また、上記の実施形態で説明した医用画像処理方法は、予め用意された医用画像処理プログラムをパーソナルコンピュータやワークステーション等のコンピュータで実行することによって実現することができる。この医用画像処理方法は、インターネット等のネットワークを介して配布することができる。また、この医用画像処理方法は、ハードディスク、フレキシブルディスク(FD)、CD−ROM、MO、DVD等のコンピュータで読み取り可能な記録媒体に記録され、コンピュータによって記録媒体から読み出されることによって実行することもできる。
また、上記の実施形態において、略リアルタイムとは、処理対象となる各データが発生するたびに、即時に各処理を行うことを指す。
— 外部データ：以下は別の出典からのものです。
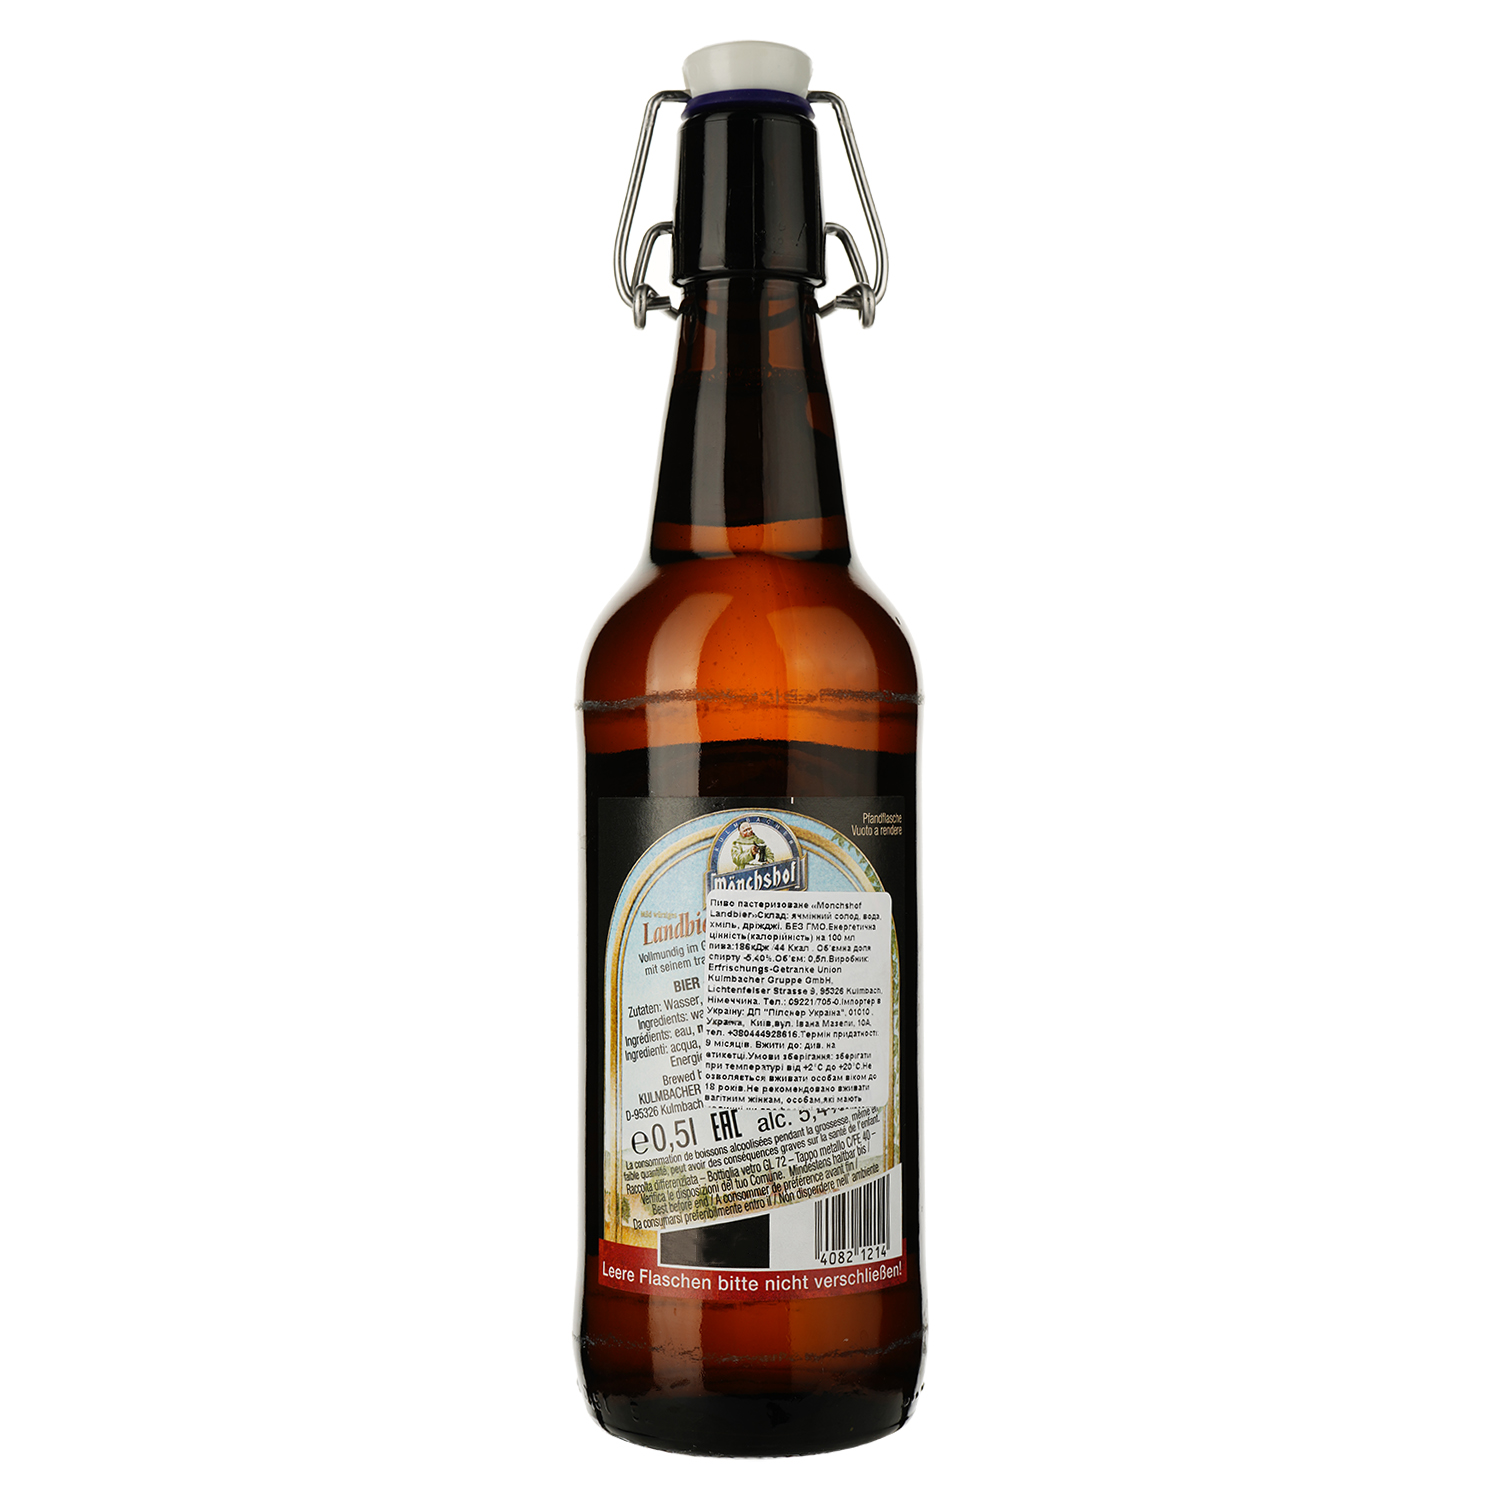 Пиво Monchshof Landbier светлое, 5.4%, 0.5 л - фото 2

つまり、リアルタイムとは、被検体が撮像される時刻と画像が表示される時刻とが完全に一致する場合に限らず、画像生成処理に要する時間によって画像がやや遅れて表示される場合を含む。
以上説明した少なくともひとつの実施形態によれば、造影剤の流れを描出することができる。
本発明のいくつかの実施形態を説明したが、これらの実施形態は、例として提示したものであり、発明の範囲を限定することは意図していない。これら実施形態は、その他の様々な形態で実施されることが可能であり、発明の要旨を逸脱しない範囲で、種々の省略、置き換え、変更を行うことができる。これら実施形態やその変形は、発明の範囲や要旨に含まれると同様に、特許請求の範囲に記載された発明とその均等の範囲に含まれるものである。